(Material provided begins)

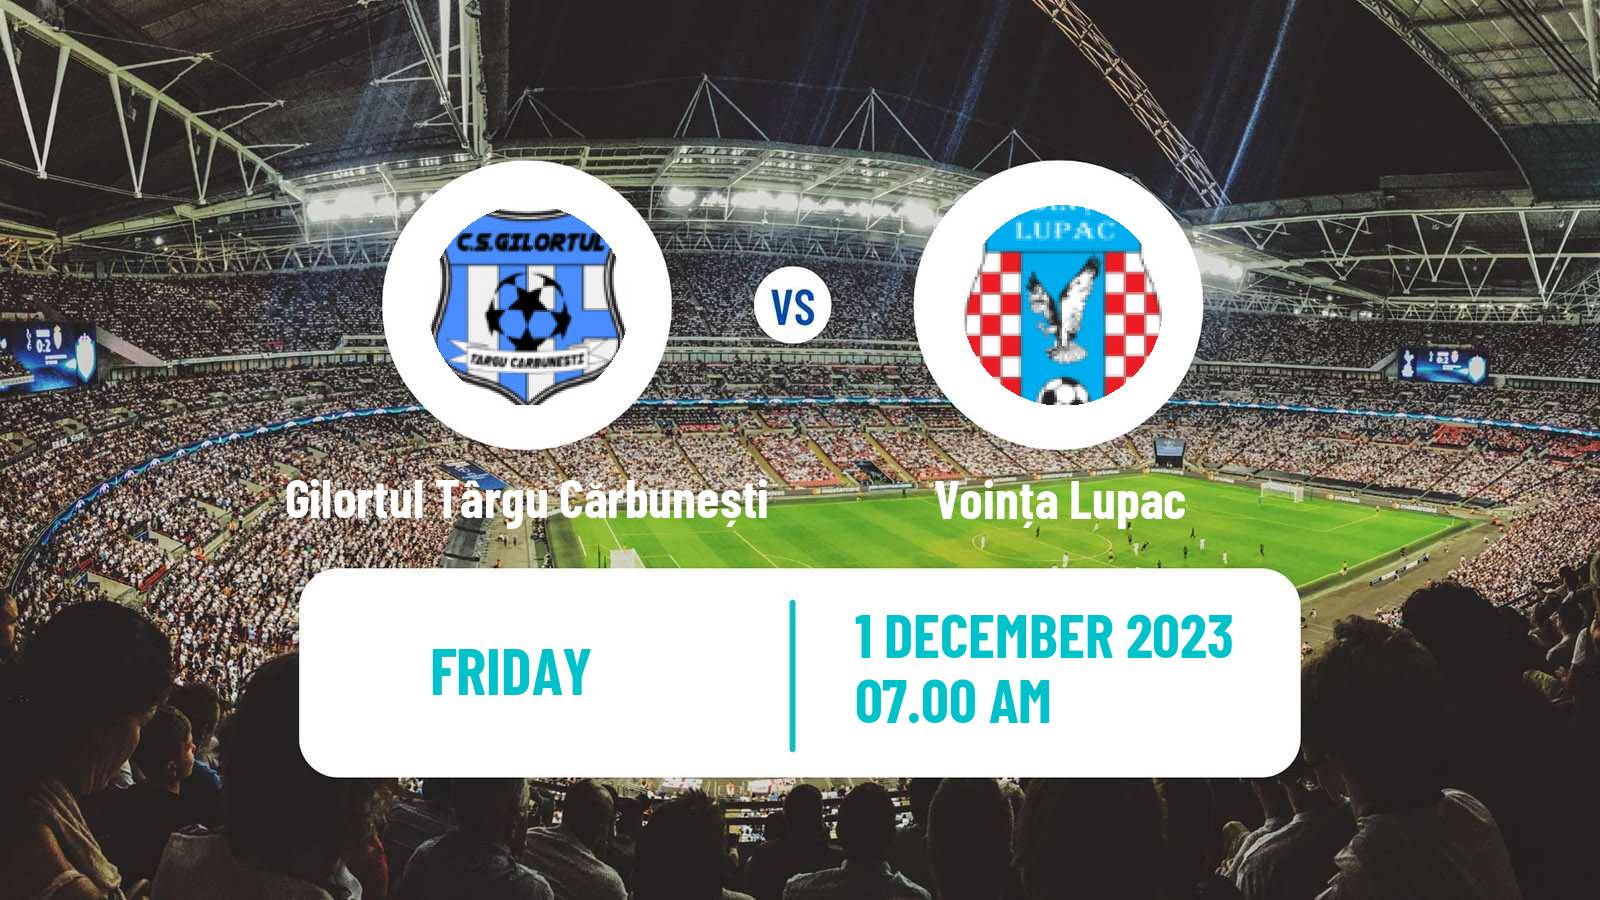 Soccer Romanian Liga 3 - Seria 7 Gilortul Târgu Cărbunești - Voința Lupac
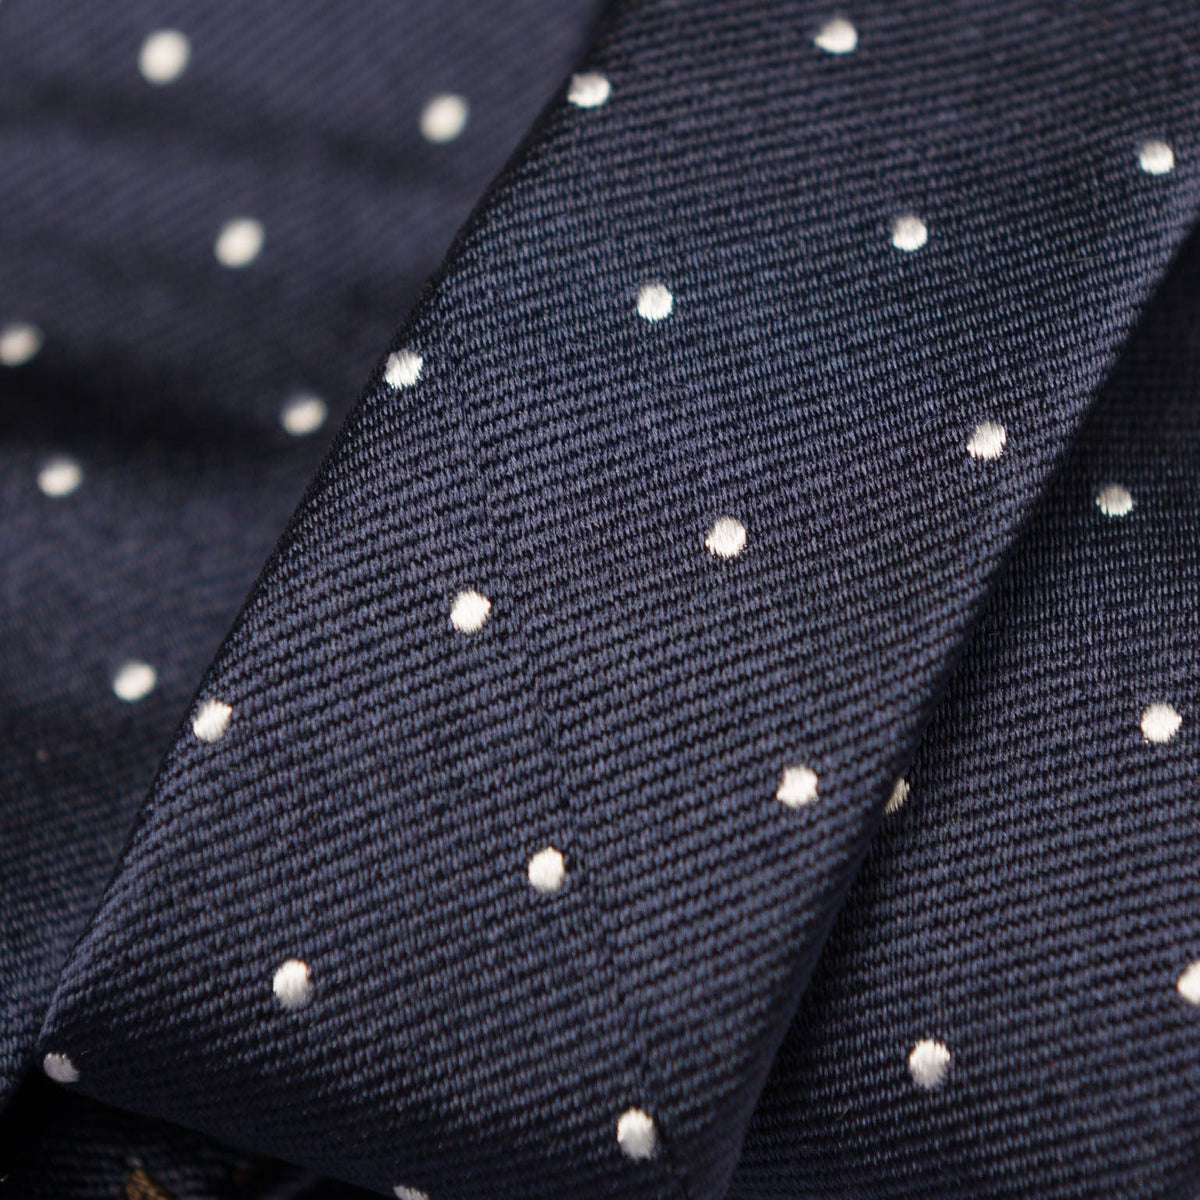 Extra Long Navy Blue Italian Silk Tie - Polka Dots
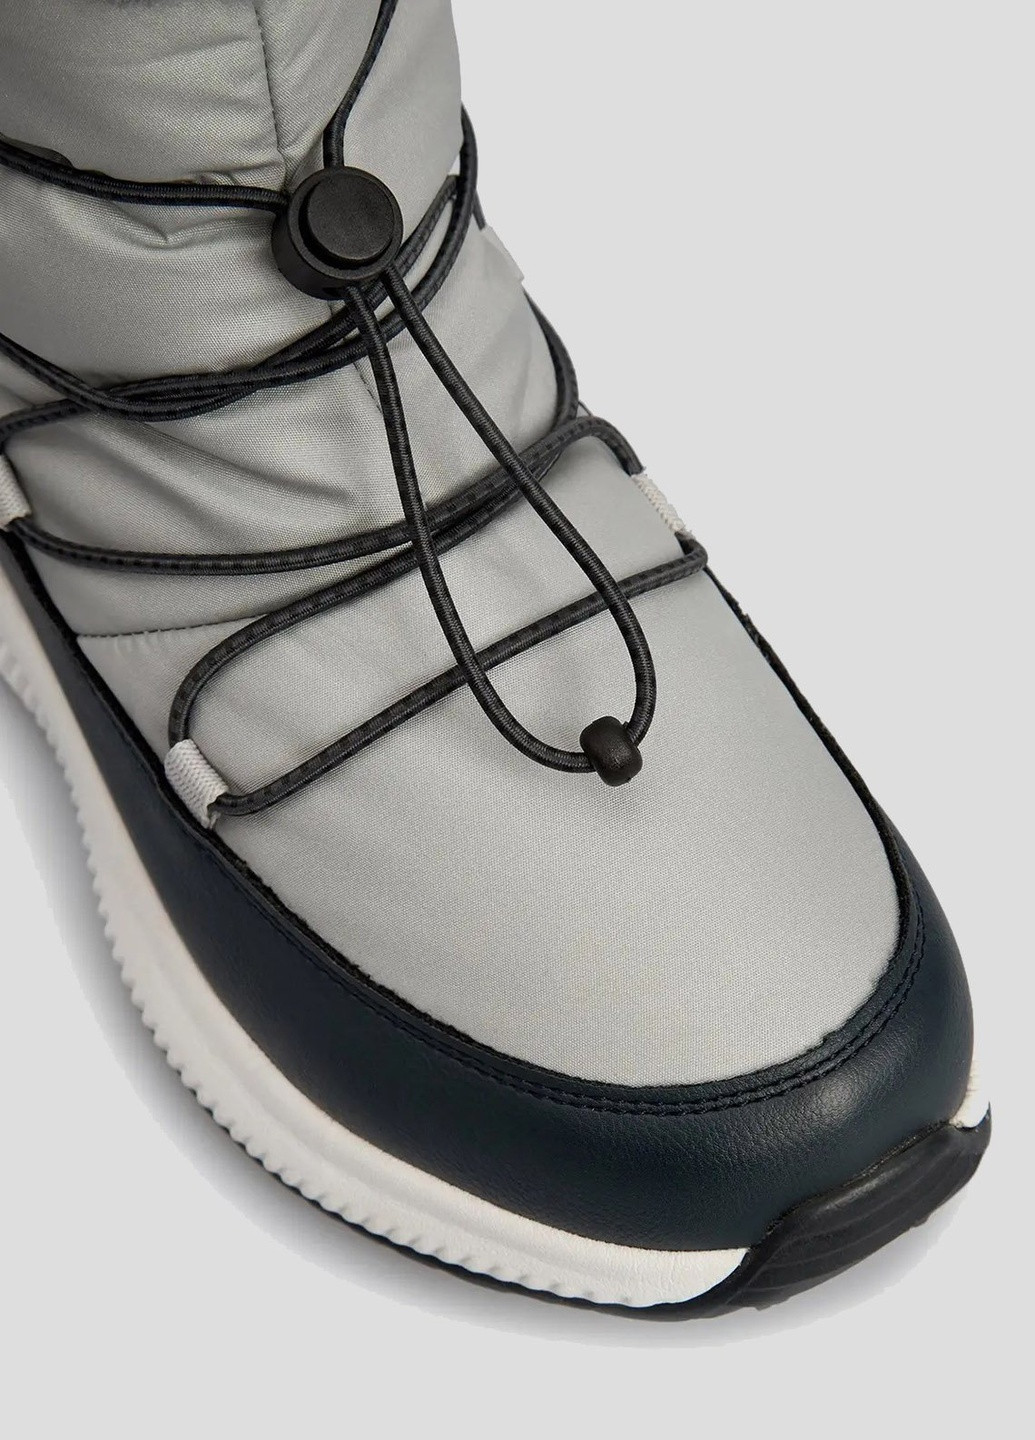 Осенние серые ботинки со шнуровкой sheratan wmn lifestyle shoes w CMP тканевые
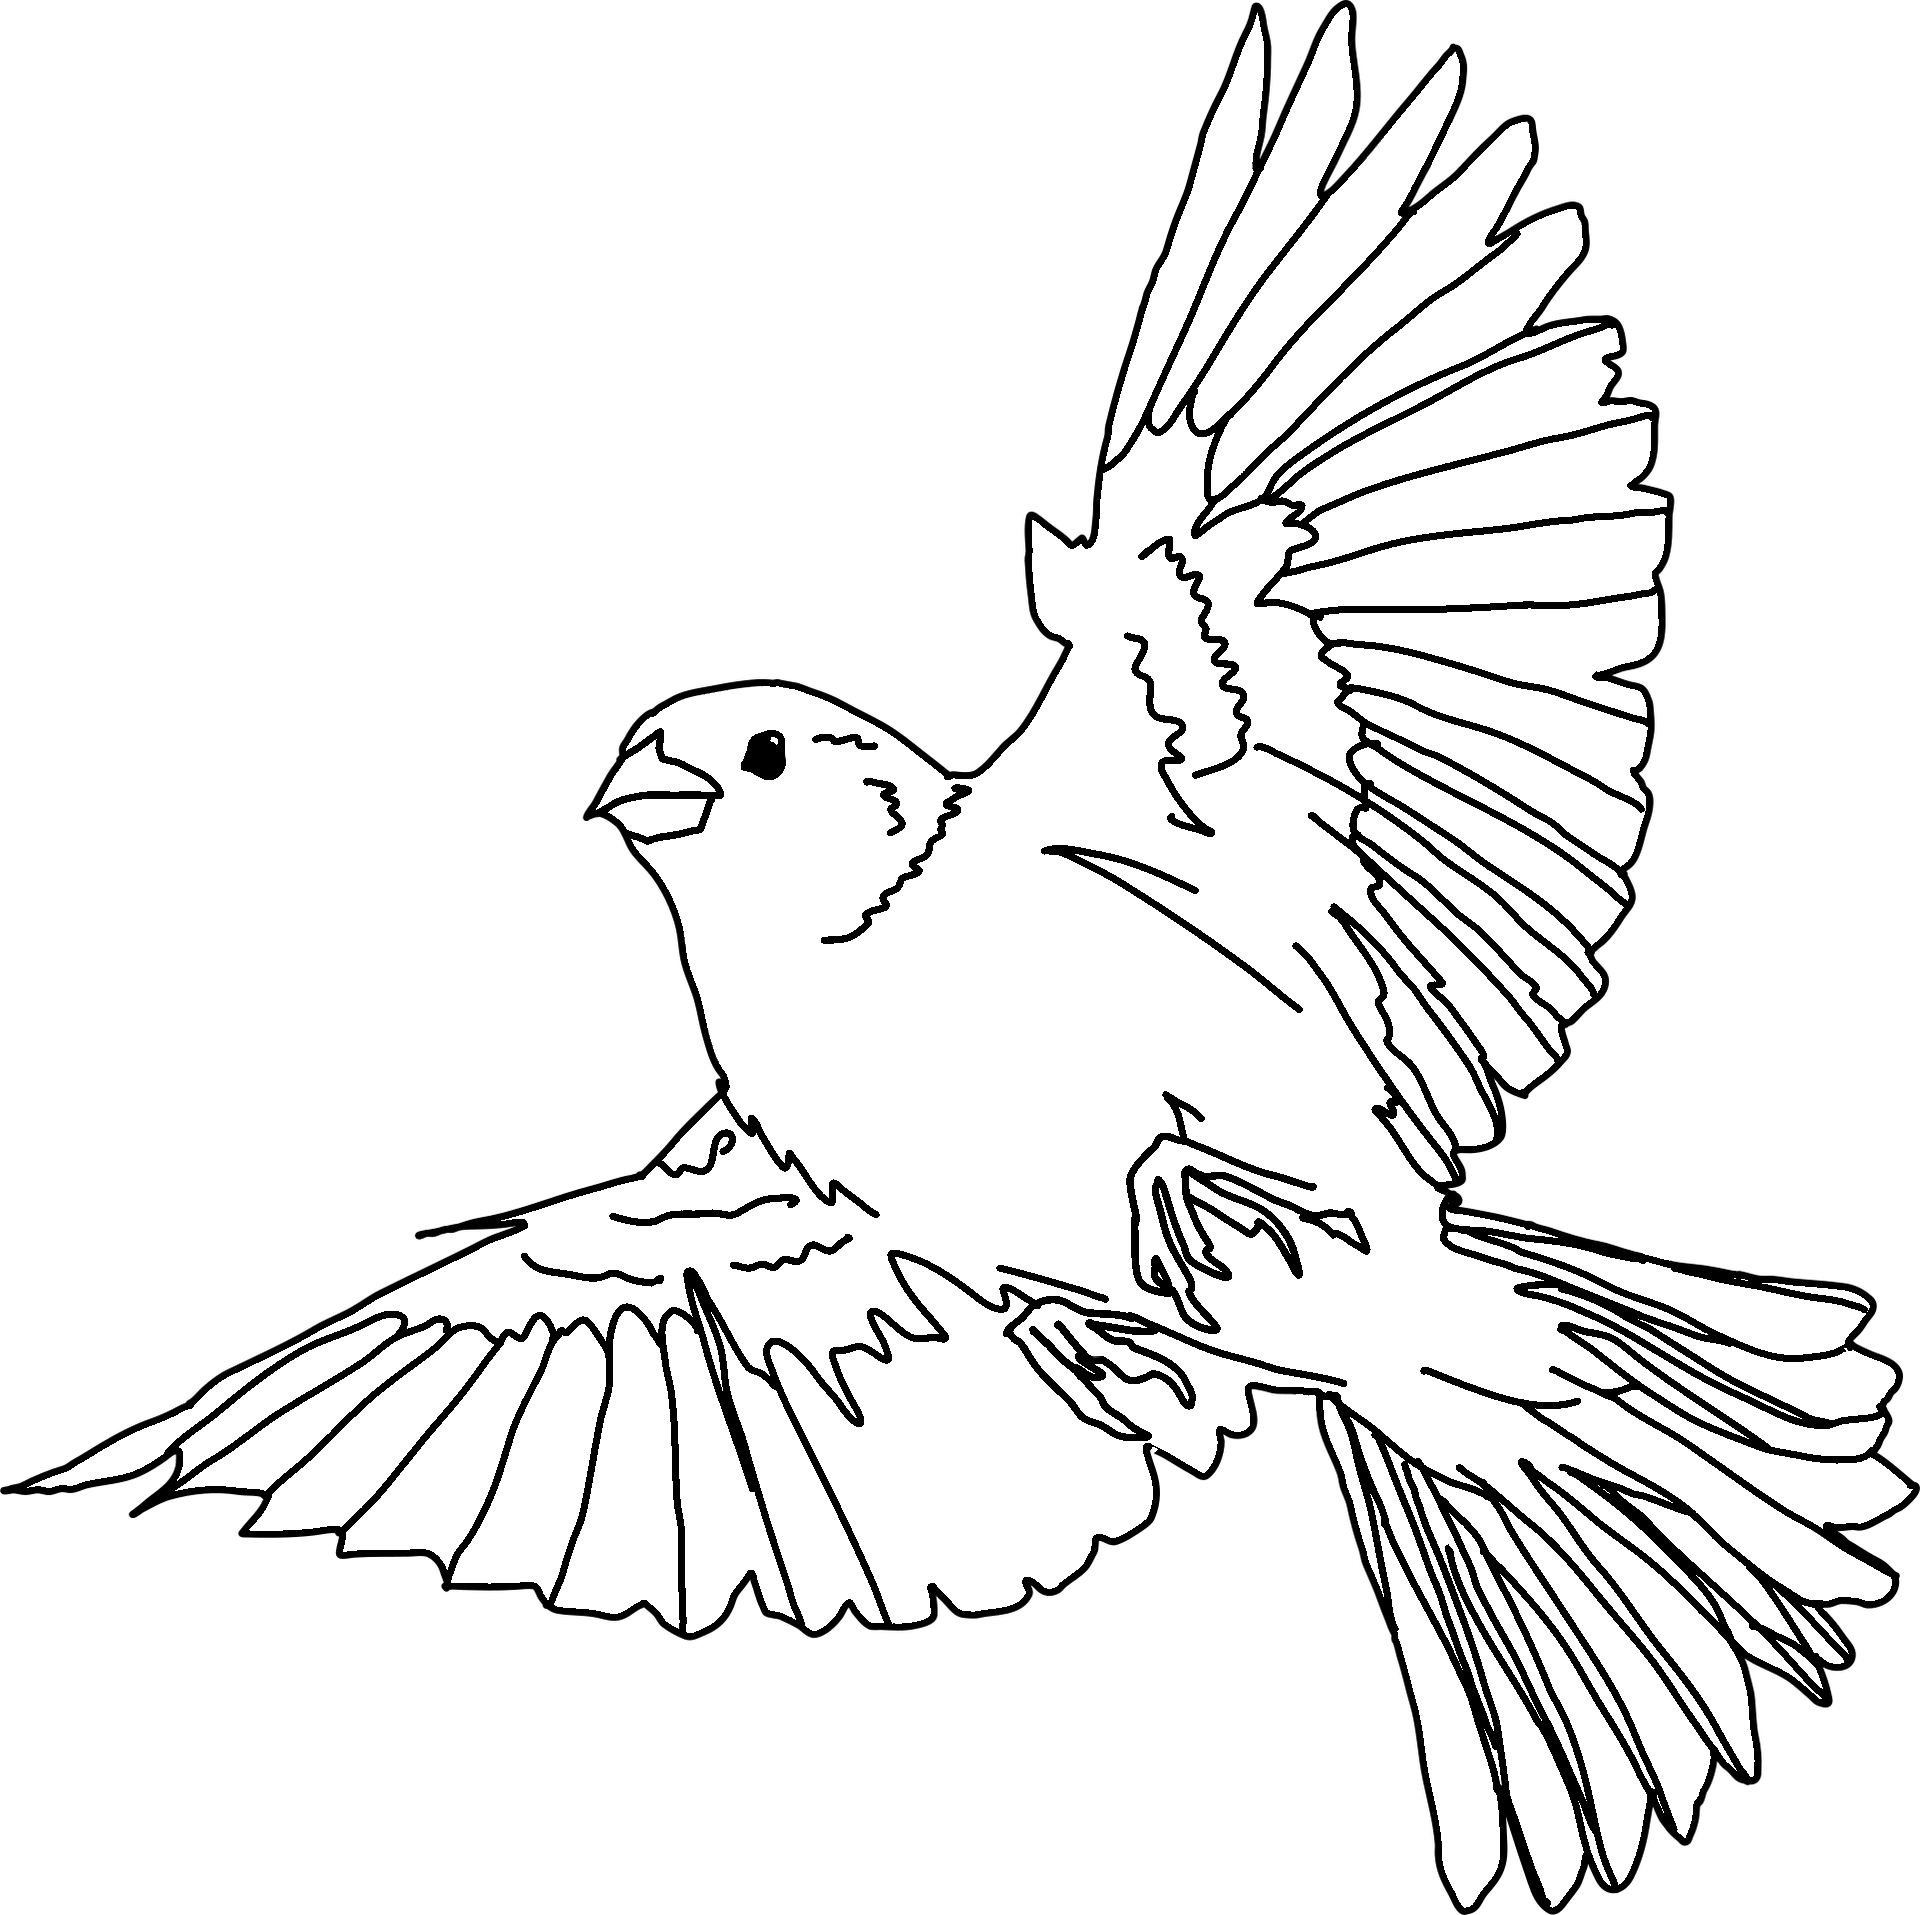 Dibujo para colorear de una paloma

(Material provided ends)

#### Problem to solve
Give back the material above word for word; no picture belongs in it.

#### Solution to the problem
 Soccer Romanian Liga 3 - Seria 7 Gilortul Târgu Cărbunești - Voința Lupac
 Extra Long Navy Blue Italian Silk Tie - Polka Dots
 Осенние серые ботинки со шнуровкой sheratan wmn lifestyle shoes w CMP тканевые
 Dibujo para colorear de una paloma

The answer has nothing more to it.